More importantly, according to Shusterman,
“the soma supplies [a] primordial point of view through its location both in the spatiotemporal field and in the field of social interaction” (ibid, p.7).
Zarrilli (1995) points out that the paradigmatic shift in approaching the body in relation to mind, thinking and experience was achieved mainly through the work of Merleau-Ponty in his book: Phenomenology of Perception (1945). Zarrilli’s (1995) comments are worth citing here at length:
“Merleau-Ponty challenged the Cartesian cogito and asserted the primacy of the lived experience in the constitution of meaning. This phenomenology eloquently (re)claimed the centrality of the body and embodied experience as the locus for ‘experience as it is lived in a deepening awareness’ (Levine, 1985:62). He rejected the exclusive assumption of the natural sciences and modern psychology that treated the body as a thing, object, instrument, or machine under the command and control of an all-knowing mind” (Zarrilli, 1995, p.13).
In his arguments about the account of human body, Merleau-Ponty
(1962) challenges all philosophical positions that conceptualise body as a “scientific object” (ibid, p.3) that is separated from humans’ ontologically distinct consciousness. Conversely, he identifies the subjectivity of humans with their consciousness for, human “being-in-the-world” (p.440) is a bodily being and thus, the human body is itself a “subject” (ibid), and the human subject is unavoidably,
not just conditionally, embodied. As he explains, either in the context of certain performing skills or in people’s general everyday dealings with the world, people need to acknowledge that it is their bodies’ deliberations and understandings that guide them towards what to do and how to do it. In other words, the link between “meaning” (Merleau-Ponty, 1962, p.140), a concept which includes such elements as intention, objective, understanding, direction/directedness, importance, and the body is increasingly being made. This “praktognostic” (ibid) body is in fact what connects the human subject with the world:
“Our bodily experience of movement is not a particular case of knowledge [i.e. intellectualist, theoretical ‘knowledge’]; it provides us with a way of access to the world and the object, with a “praktognosia”, which has to be recognized as original and perhaps as primary” (ibid). Merleau-Ponty (1962) also refers to the inextricable relationship between the body and mind stating that consciousness is in the first place not a matter of “I think that” (p.137) but of “I can” (ibid):
“I can therefore take my place, through the medium of my body as the potential source of familiar actions, in my environment conceived as a set of manipulanda and without, moreover, envisaging my body or my surrounding as objects (..). There is my arm seen as sustaining familiar acts, my body as giving rise to determinate action having a field or scope known to me in advance [‘practically’ known, by the body itself], there are my surroundings as a collection of possible points upon which this bodily action may operate....” (ibid, p.105).

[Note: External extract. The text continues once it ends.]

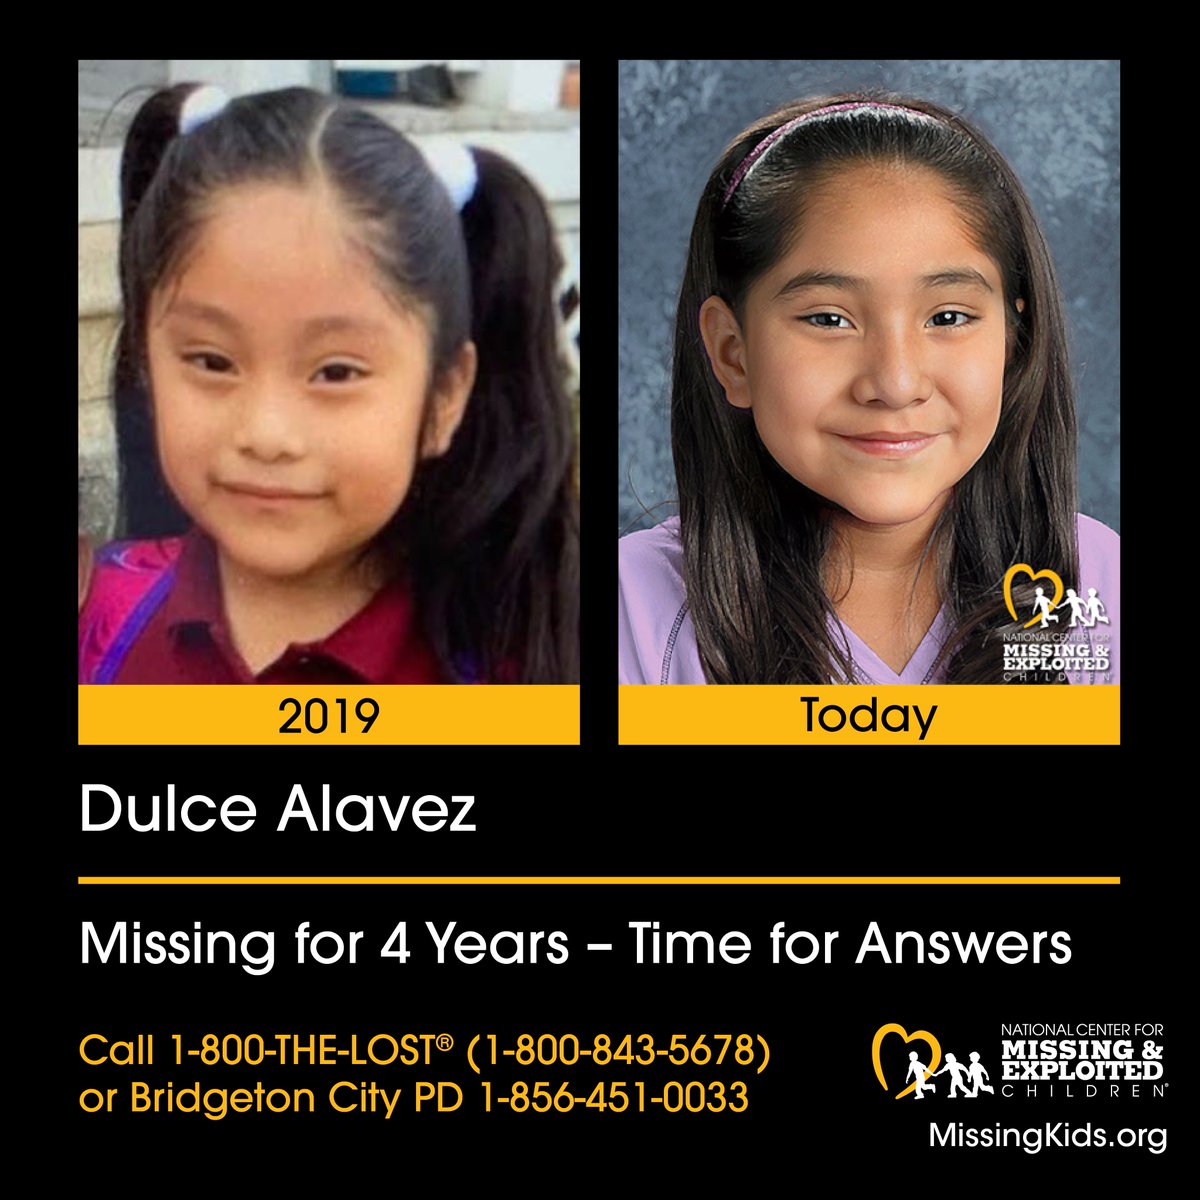 Today, Dulce Alavez turns 10. We urge you to share her #missing poster and contact the police or NCMEC at 1-800-843-5678 if you have any information regarding her disappearance. 

We remain committed to providing unwavering support to the dedicated detectives working to bring…

The issue of the body, mind and experience attracted the attention of the fields of cultural politics and feminism in relation to issues of race and gender, such as Butler’s (1988; 1994) theory on performativity of gender. These fields of study considered the human body as “an intentionally organized materiality” (Butler, 1988, p.156) which “is always an embodying of possibilities both conditioned and circumscribed by historical convention” (ibid), challenging concepts of identity in terms of personality development and gender. As Butler (1988; 1994) explains, from a very early age, children can actively embody certain cultural and historical possibilities they experience; also, they develop their thinking and identity as it is shaped through the gendered characteristics they have adopted. This perspective, which is connected with Bourdieu’s theory of habitus, will be discussed in a later section4.